Awesome
REPLM: Document-Level In-Context Few-Shot Relation Extraction via Pre-Trained Language Models
The original implementation of the paper. You can cite the paper as below.
@article{ozyurt2023context,
title={Document-Level In-Context Few-Shot Relation Extraction via Pre-Trained Language Models},
author={Ozyurt, Yilmazcan and Feuerriegel, Stefan and Zhang, Ce},
journal={arXiv preprint arXiv:2310.11085},
year={2023}
}
We used Python 3.8.5 in our experiments.
You can install the requirement libraries via pip install -r requirements.txt
into your new virtual Python environment.
Data pre-processing
First step is to download the DocRED dataset, following the instructions from the original repository. As a result, you should have a new folder ./DocRED
.
Then you can run the pre-processing pipeline DocRED_preprocess/main.sh.
Running our REPLM framework
Run the inference for L different sets of in-context few-shot examples (by changing <seed_no>):
python extract_relations.py --relation <rel_id> --seed <seed_no> --experiments_main_folder experiment_<rel_id> --experiment_folder seed<seed_no>
After running for different seeds, aggregate their results as follows:
python aggregate_extractions.py --temperature <temperature> --threshold <threshold> --experiments_main_folder experiment_<rel_id>
This should yield experiment_<rel_id>/aggretaged_predictions.csv
Running our REPLM framework on OpenAI's GPT models
As our REPLM framework is transferable to other LM backbones, you can easily replace the default LM with your favourite one, such as one of the GPT models from OpenAI. Specifically, if you want to experiment with gpt-3.5-turbo
, you can run the inference via the following:
python extract_relations_openai.py --model_name gpt-3.5-turbo --relation <rel_id> --seed <seed_no> --experiments_main_folder experiment_<rel_id> --experiment_folder seed<seed_no>
Important Note: Don't forget to set OPENAI_API_KEY
environment variable before running the experiments.

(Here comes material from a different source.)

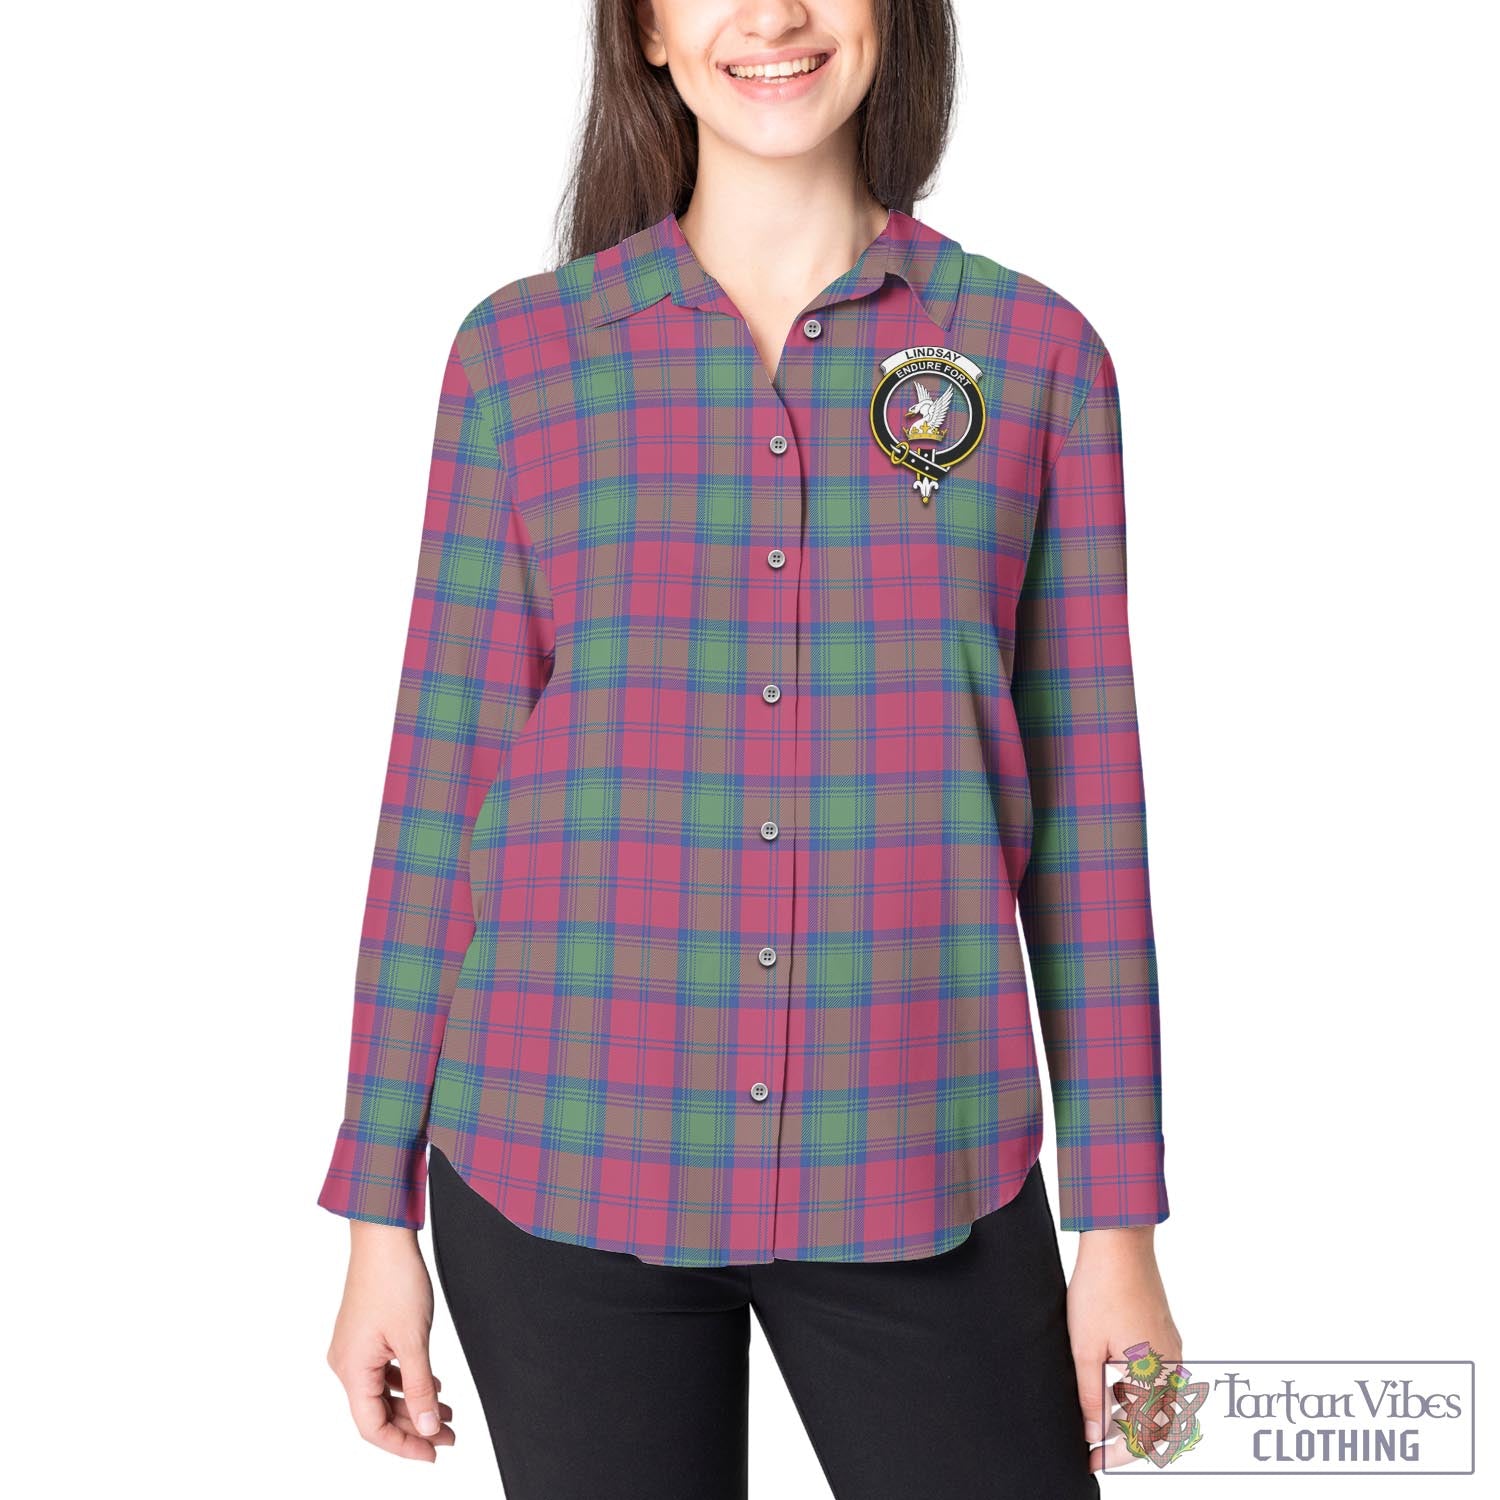 Tartan Vibes Clothing Lindsay Ancient Tartan Womens Casual Shirt with Family Crest

Evaluation via external knowledge base
Extracted relations from DocRED can be further evaluated/compared from WikiData.
To achieve this, first you need to clone simple-wikidata-db and follow the steps there to have a local copy of WikiData. (Of note: One can ideally use the online query service of WikiData instead of a local copy, however, it is too slow to run queries for thousands of extracted relations.)
For convenience we repeat the important steps here:
-
Open the
./simple-wikidata-db
directory, which you recently cloned. -
Fetch the most recent dump of WikiData
wget https://dumps.wikimedia.org/wikidatawiki/entities/latest-all.json.gz
- Run the process (Note: it's a CPU-heavy process)
python simple_wikidata_db/preprocess_dump.py --input_file latest-all.json.gz --out_dir PROCESSED_DATA/ --num_lines_in_dump -1 --processes 200 --batch_size 250000
- The local copy of WikiData should be ready at
./simple-wikidata-db/PROCESSED_DATA
The final step is to compare the extracted relations against WikiData entries
python pred_to_wikidata.py --pred_folder experiment_<rel_id> --pred_file aggregated_predictions.csv --rel_id <rel_id> -p_alias "simple-wikidata-db/PROCESSED_DATA/aliases" -p_rels "simple-wikidata-db/PROCESSED_DATA/entity_rels"
This should yield experiment_<rel_id>/preds_in_wikidata.csv
, which lists the extracted relations from the documents that also appear in the knowledge base WikiData.